**Exercise**
Within the listing that follows, reproduce exactly the lines starting at the line with "dementia uk supporters" and ending at the line with "Happy chubby man", inclusive, and only those. Pictures are dropped.

**Data for the task**
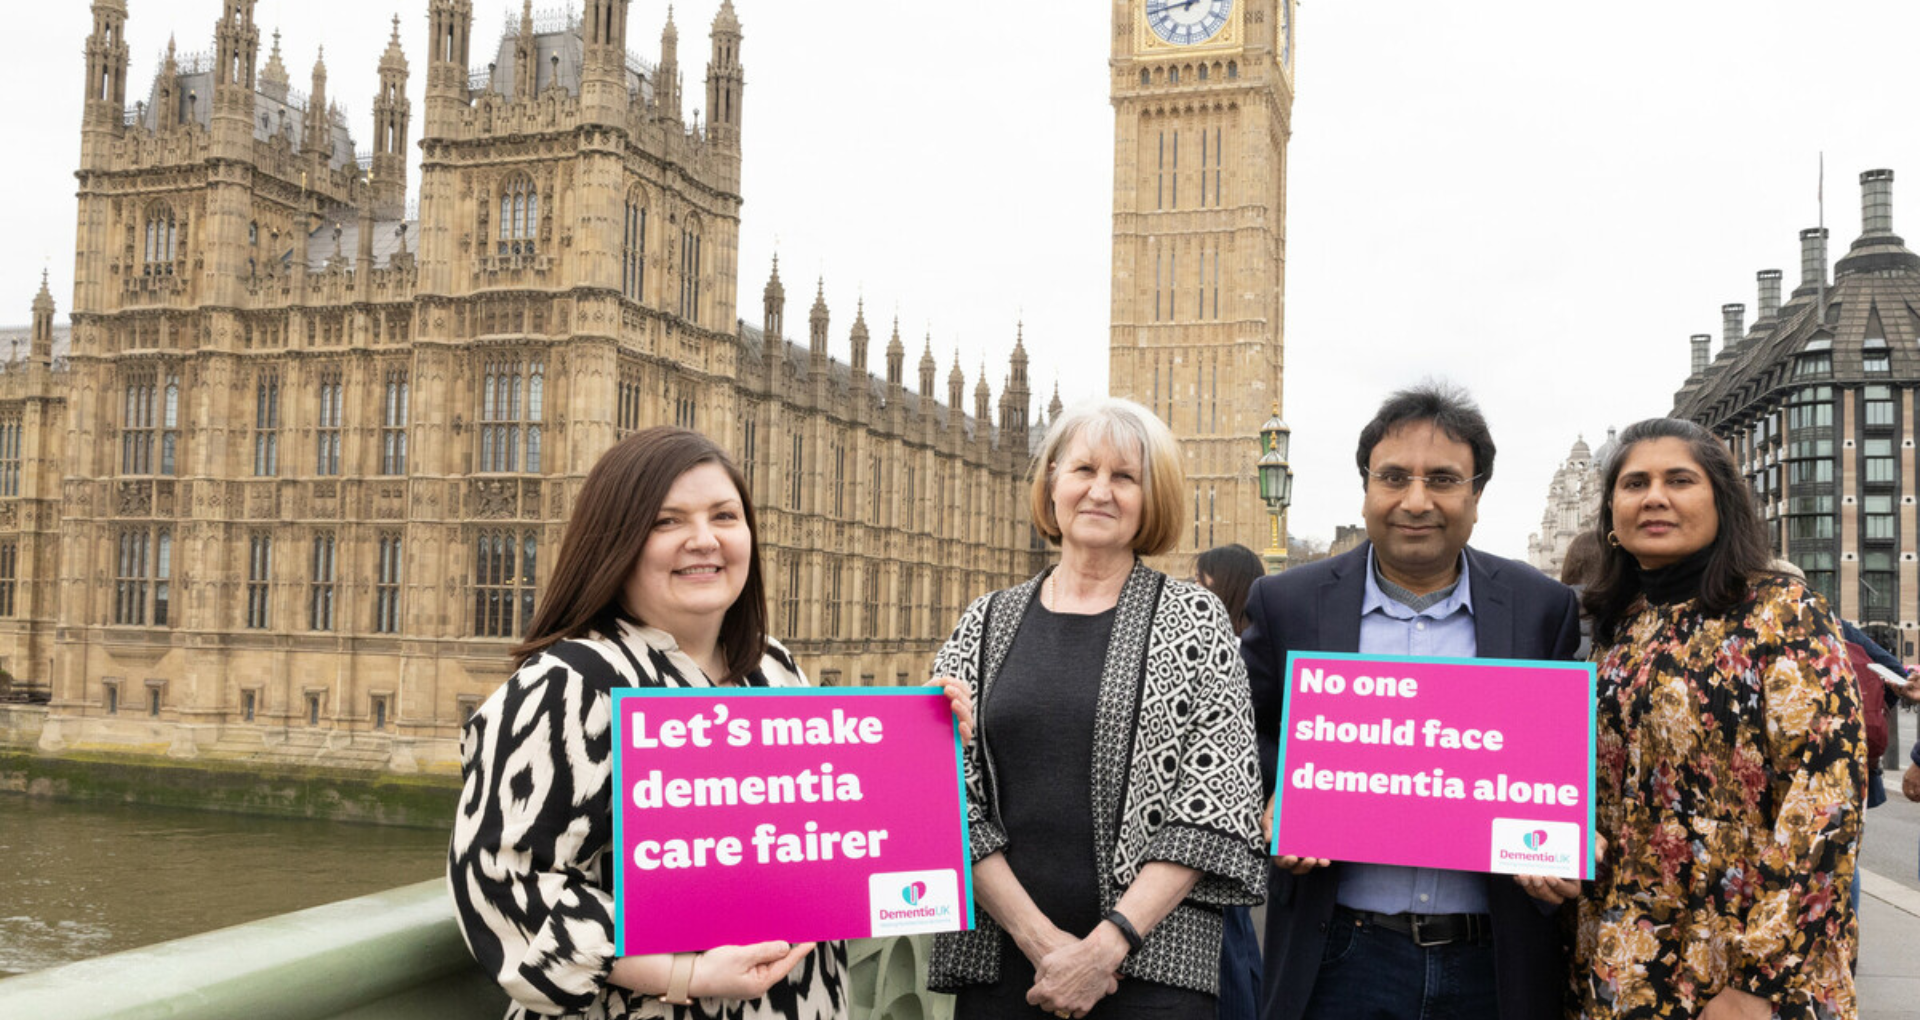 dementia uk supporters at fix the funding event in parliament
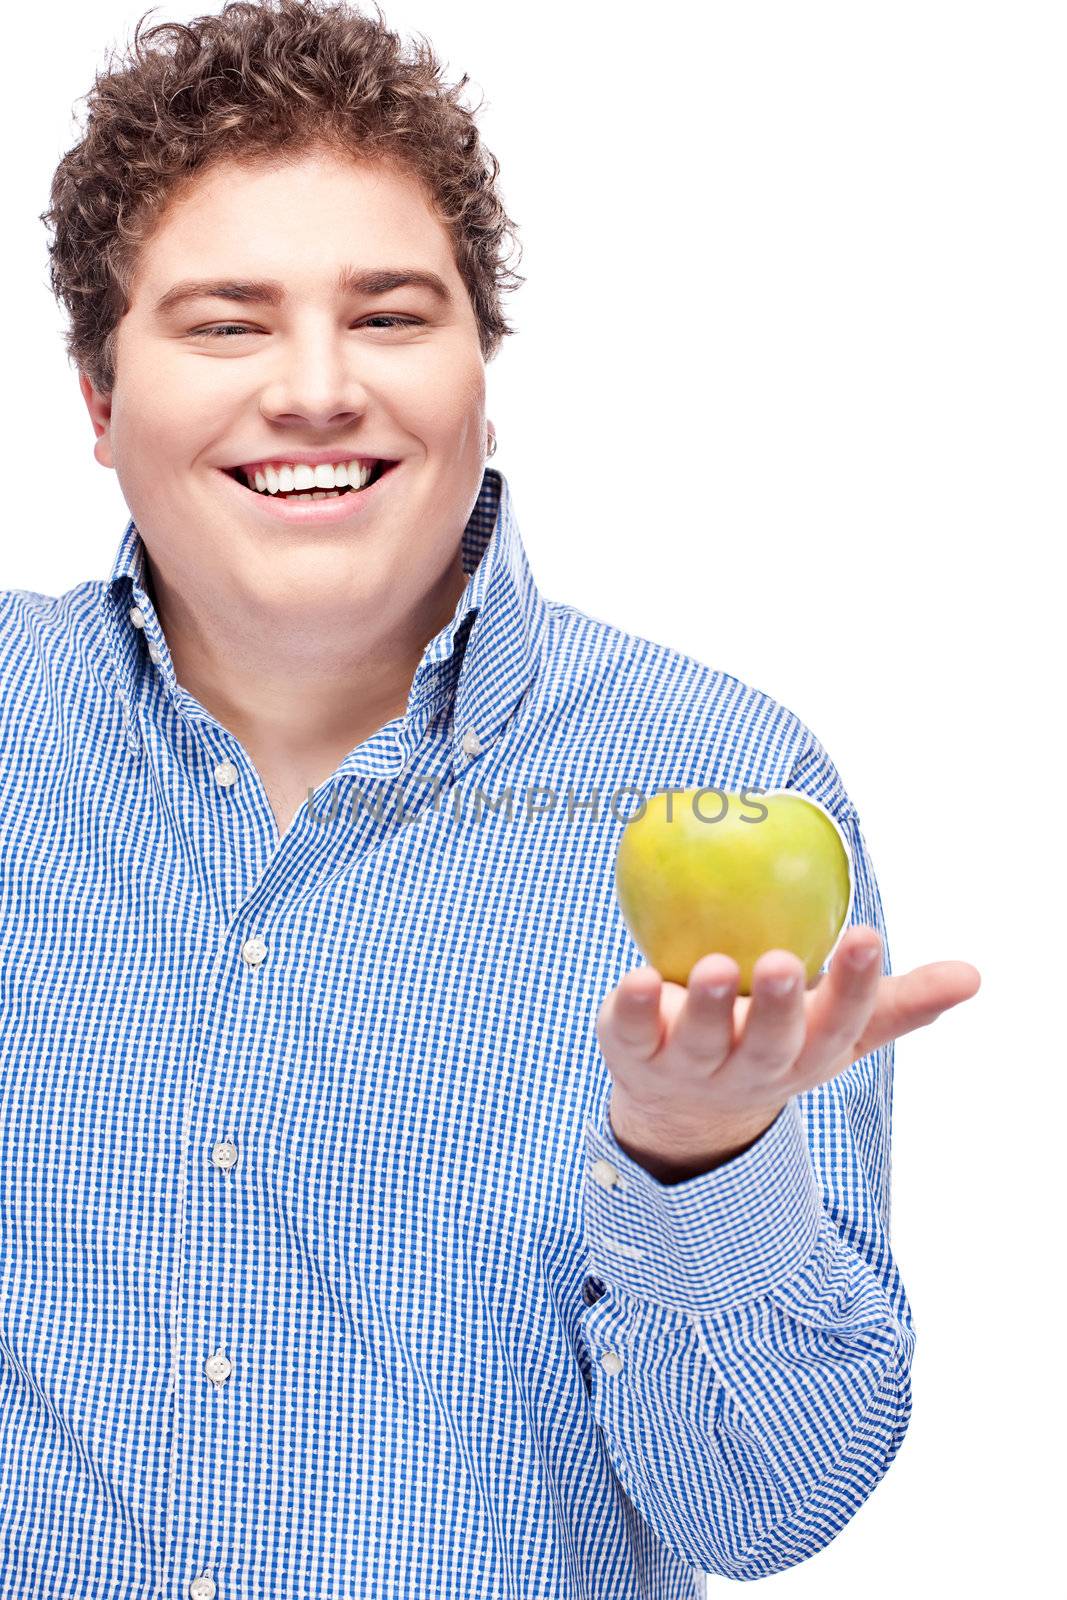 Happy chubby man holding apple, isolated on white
--
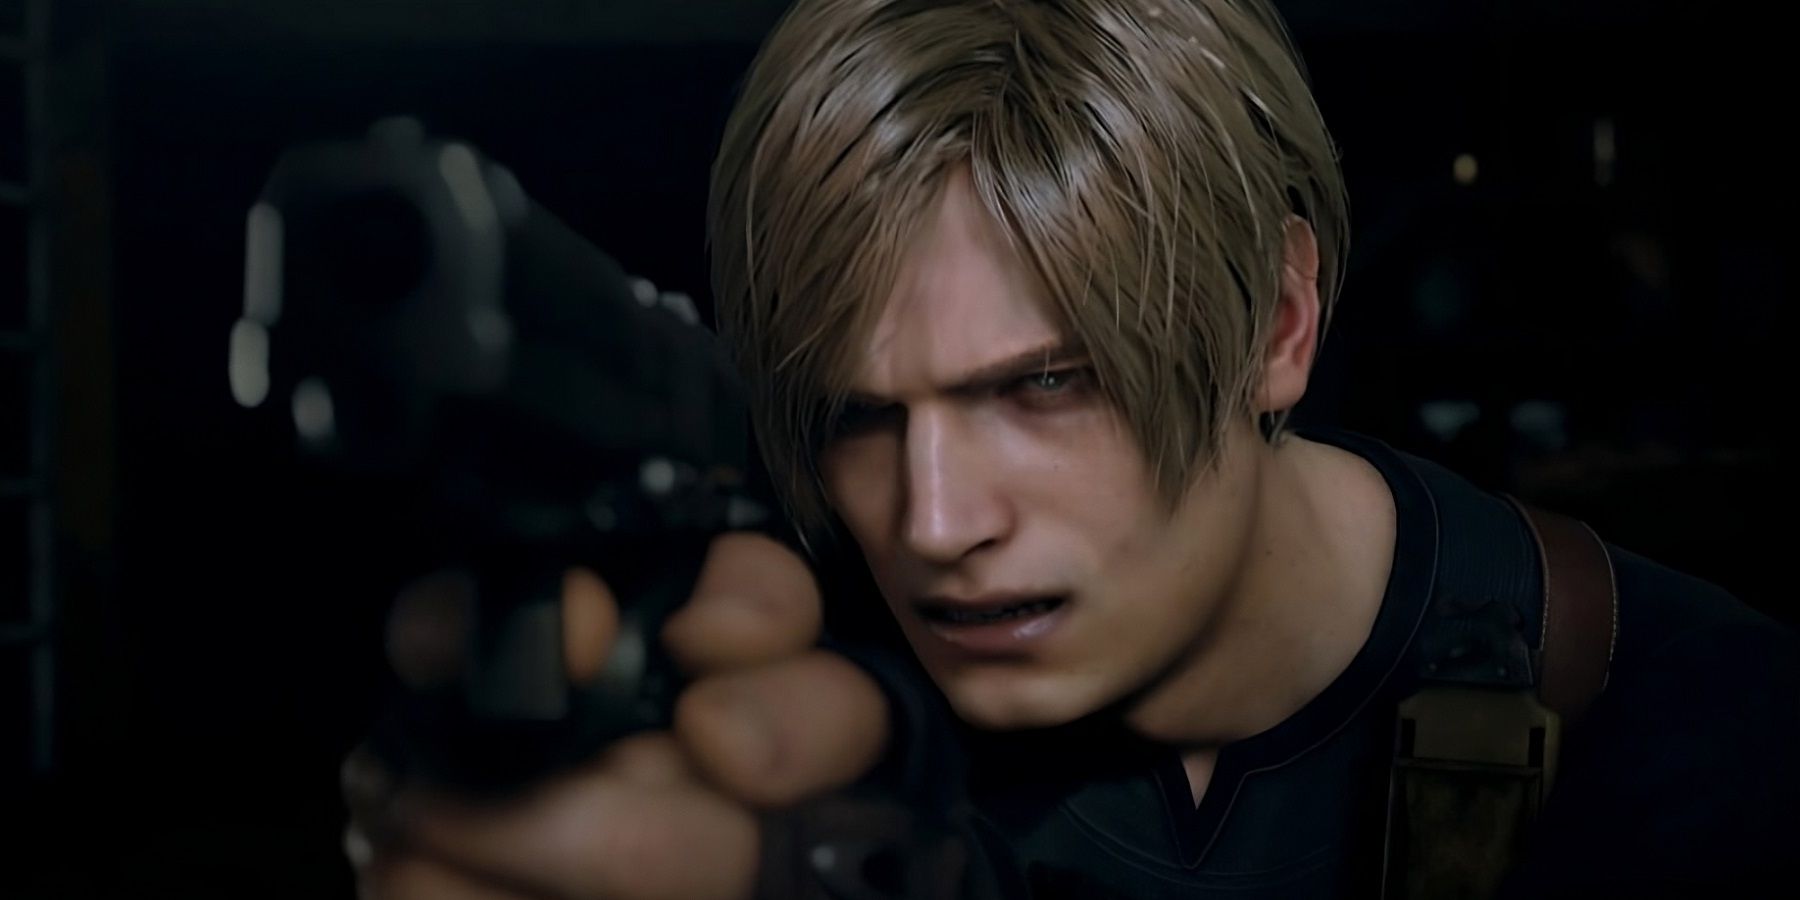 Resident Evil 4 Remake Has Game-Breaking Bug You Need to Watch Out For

**Result of this task**
 dementia uk supporters at fix the funding event in parliament
 Happy chubby man holding apple, isolated on white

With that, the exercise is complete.